We reviewed eligible studies and extracted data like country of origin, study period, demographics, systemic manifestations, and the incidence of symptoms. Two researchers, SAA and RSR, extracted the data by consensus; major disagreements were settled by the senior researcher, HM.

A case vignette at the outset will drive home the purpose of this review. A 42-year-old male was referred by his primary physician to the emergency department with a history of 8 days of testicular pain migrating into the abdomen, back, and chest. Although he had a fever 2 days back, he denied respiratory symptoms. Clinical examination revealed diffuse abdominal tenderness.

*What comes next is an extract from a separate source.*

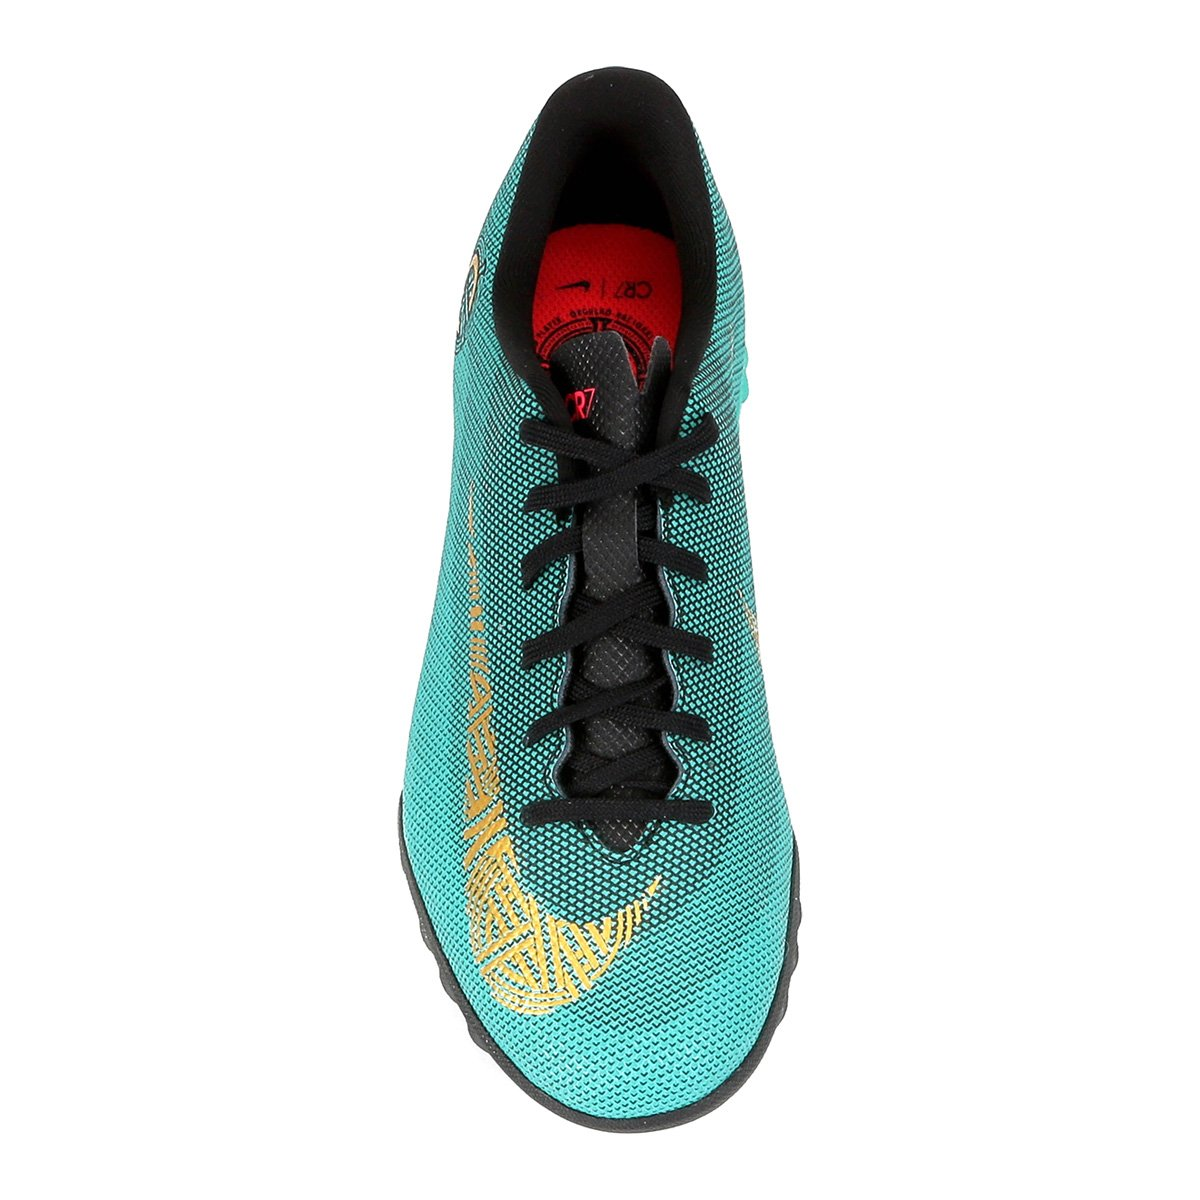 f5d22c2bb3 Chuteira Society Infantil Nike Mercurial Vapor 12 Academy GS CR7 TF ...
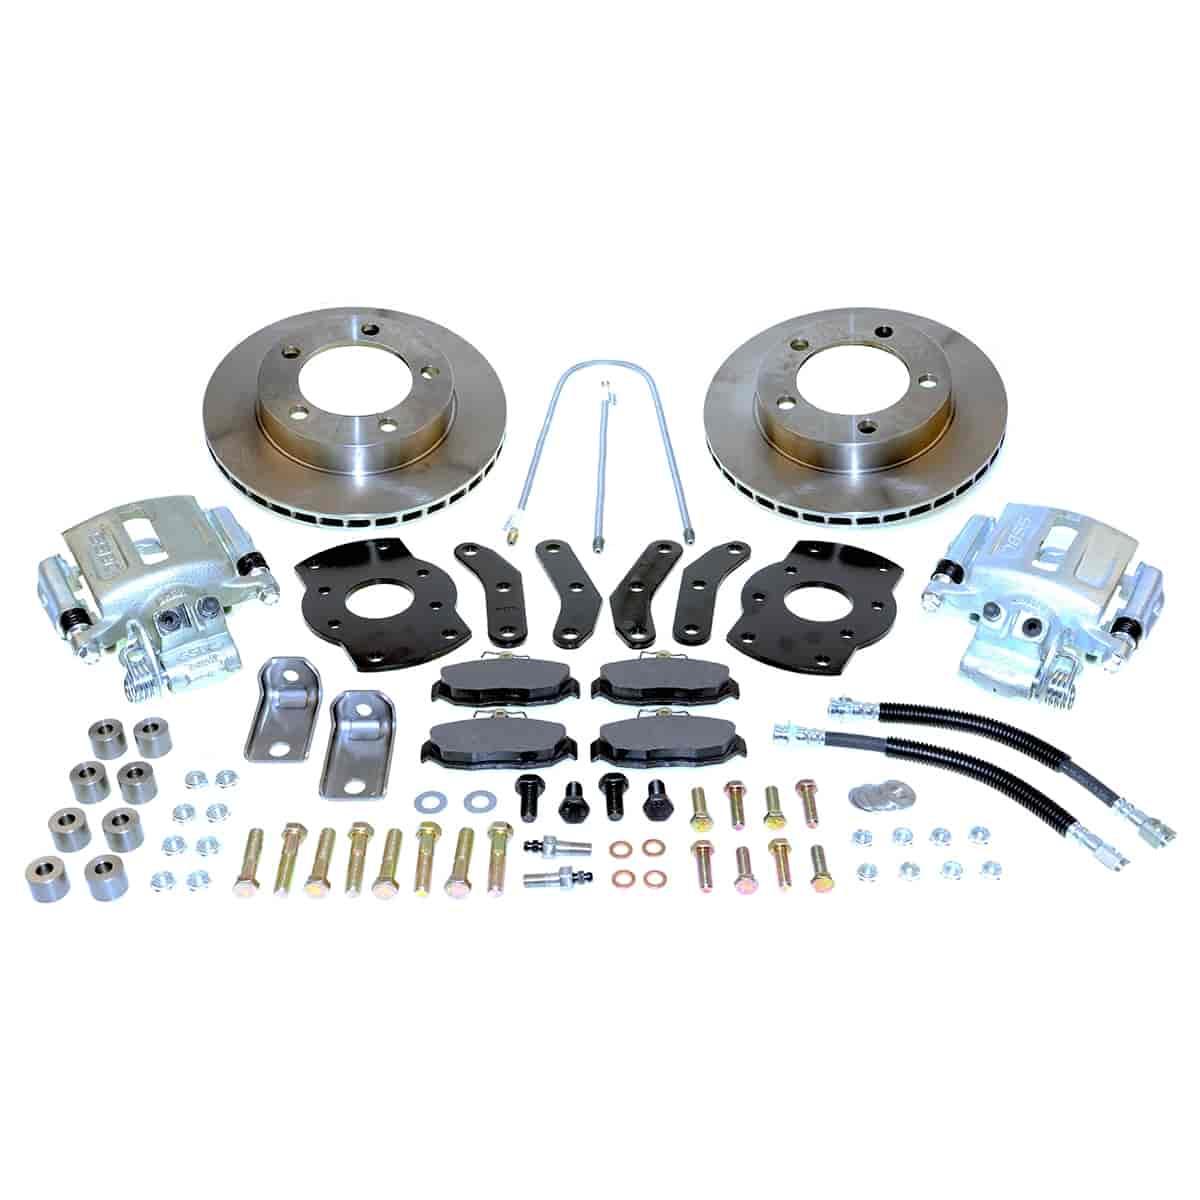 SSBC Single Piston Rear Disc Brake Conversion Kit For AMC 20 1-piece Axles

Computerized tomography (CT) of the abdomen captured the lung bases. Pulmonary ground-glass opacification and consolidation consistent with pneumonia and possible colitis were noted. Two days into hospitalization, his primary physician notified his COVID-19-positive status. He had attended a biotechnology conference 2 weeks prior in a COVID-19-impacted area. Eventually, many healthcare workers (HCWs) had accidental exposure to SARS-CoV-2.2


Individuals with positive reverse transcription-polymerase chain reaction (RT-PCR) results, who never develop any signs or clinically symptoms of COVID-19, are considered as asymptomatic. Those with positive RT-PCR results, who have no signs or symptoms of COVID-19 at testing but eventually develop symptoms, are considered as presymptomatic. About 80% COVID-19 cases in China are asymptomatic.3 The possible mechanism is that the nasal epithelial cells shelter genes for innate immunity and the viral entry-associated genes. An adequate early immune response can limit viral replication and prevent its spread into the lungs. Thus, the patient would have no or mild symptoms.4 The relative transmissibility of such cases is significantly smaller than symptomatic ones.5 Evidence stating otherwise is also published.6 This needs further appraisal.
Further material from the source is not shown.